Perhaps we need to step back a bit.  The problem is that most
filesystems will require some CMR space for metadata that is
continuously updated in place.  The amount will probably vary wildly by
specific filesystem and size, but it looks like everyone (except
possibly btrfs) will need some.  One possibility is that we let the
drives be reformatted in place, say as part of the initial filesystem
format, so the CMR requirements get tuned exactly.  The other is that we
simply let the manufacturers give us "enough" and try to determine what
"enough" is.

I suspect forcing a tuning command through the ZBC workgroup would be a
nice quick way of getting the manufacturers to focus on what is
possible, but I think we do need some way of closing out this either/or
debate (we tune or you tune).

> >
> >> === Crash recovery
> >>
> >> Write pointer location is undefined after power failure. It could be at an old
> >> location, the current location or anywhere in between. The only guarantee that
> >> we have is that if we flushed the cache (i.e. fsync'd a file) then they will at
> >> least be in a position at or past the location of the fsync.
> >>
> >> Hence before a filesystem runs journal recovery, all it's zone allocation write
> >> pointers need to be set to what the drive thinks they are, and all of the zone
> >> allocation beyond the write pointer need to be cleared. We could do this during
> >> log recovery in kernel, but that means we need full ZBC awareness in log
> >> recovery to iterate and query all the zones.
> >
> > If you just use a cached zone pointer provided by block, this should
> > never be a problem because you'd always know where the drive thought the
> > pointer was.
> 
> This would require a look at the order of updating the stack
> information, and also WCD vs WCE behavior.  As for the WP, the spec
> says that any data after the WP is returned with a clear pattern
> (zeros on Seagate drives) -- it is already cleared.

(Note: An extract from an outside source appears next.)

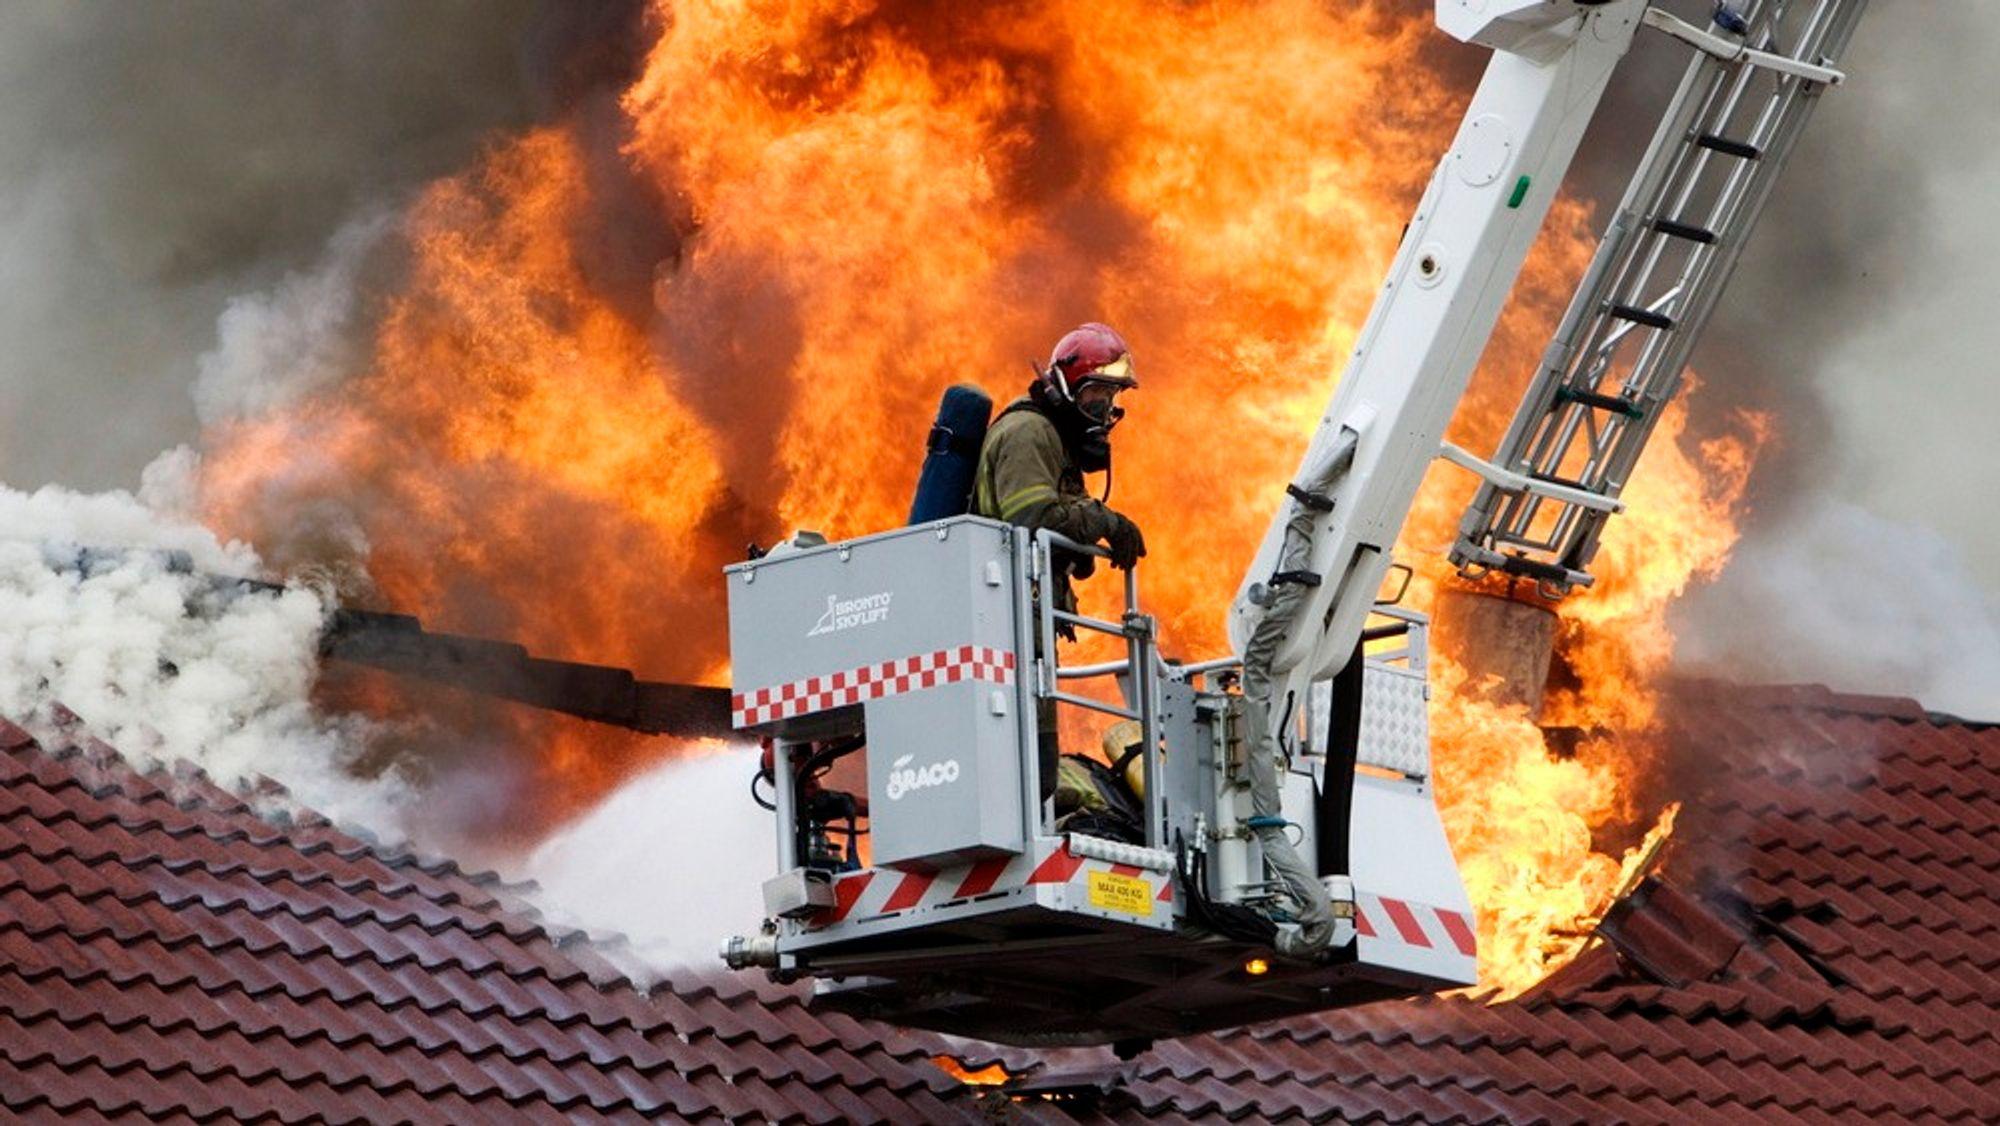 Skummel økning: I slutten av november hadde 55 personer omkommet på grunn av brann i år. En betydelig økning fra de 40 som omkom på grunn av brann i hele 2012.

As long as the drive behaves to spec, our consistency algorithms should
be able to cope.  We would expect that on a crash the write pointer
would be further back than we think it should be, but then the FS will
just follow its consistency recovery procedures and either roll back or
forward the transactions from where the WP is at.  In some ways, the WP
will help us, because we do a lot of re-committing transactions that may
be on disk currently because we don't clearly know where the device
stopped writing data.

> >> === RAID on SMR....
> >>
> >> How does RAID work with SMR, and exactly what does that look like to
> >> the filesystem?
> >>
> >> How does libzbc work with RAID given it is implemented through the scsi ioctl
> >> interface?
> >
> > Probably need to cc dm-devel here.  However, I think we're all agreed
> > this is RAID across multiple devices, rather than within a single
> > device?  In which case we just need a way of ensuring identical zoning
> > on the raided devices and what you get is either a standard zone (for
> > mirror) or a larger zone (for hamming etc).
> >
> 
> I agree.  It's up to the DM to mangle the zones and provide proper
> modified zone info up to the FS.  In the case of mirror, keeps the
> same zone size, just half the total of zones (or half in a condition
> of read-only/full).  In stripped paradigms, double (or more if the
> zone sizes don't match, or if more that 2 drives) the zone size and
> let the DM mod the block numbers to determine the correct disk.  For
> EXT4, this REQUIRES the equivalent of 8k Blocks.
> 
> > James
> >
> >
> 
> == Kernel implementation
> 
> The allocator will need to learn about multiple allocation zones based on
> bitmaps. They aren't really allocation groups, but the initialisation and
> iteration of them is going to be similar to allocation groups. To get use going
> we can do some simple mapping between inode AG and data AZ mapping so that we
> keep some form of locality to related data (e.g. grouping of data by parent
> directory).
> 
> We can do simple things first - simply rotoring allocation across zones will get
> us moving very quickly, and then we can refine it once we have more than just a
> proof of concept prototype.
> 
> Optimising data allocation for SMR is going to be tricky, and I hope to be able
> to leave that to drive vendor engineers....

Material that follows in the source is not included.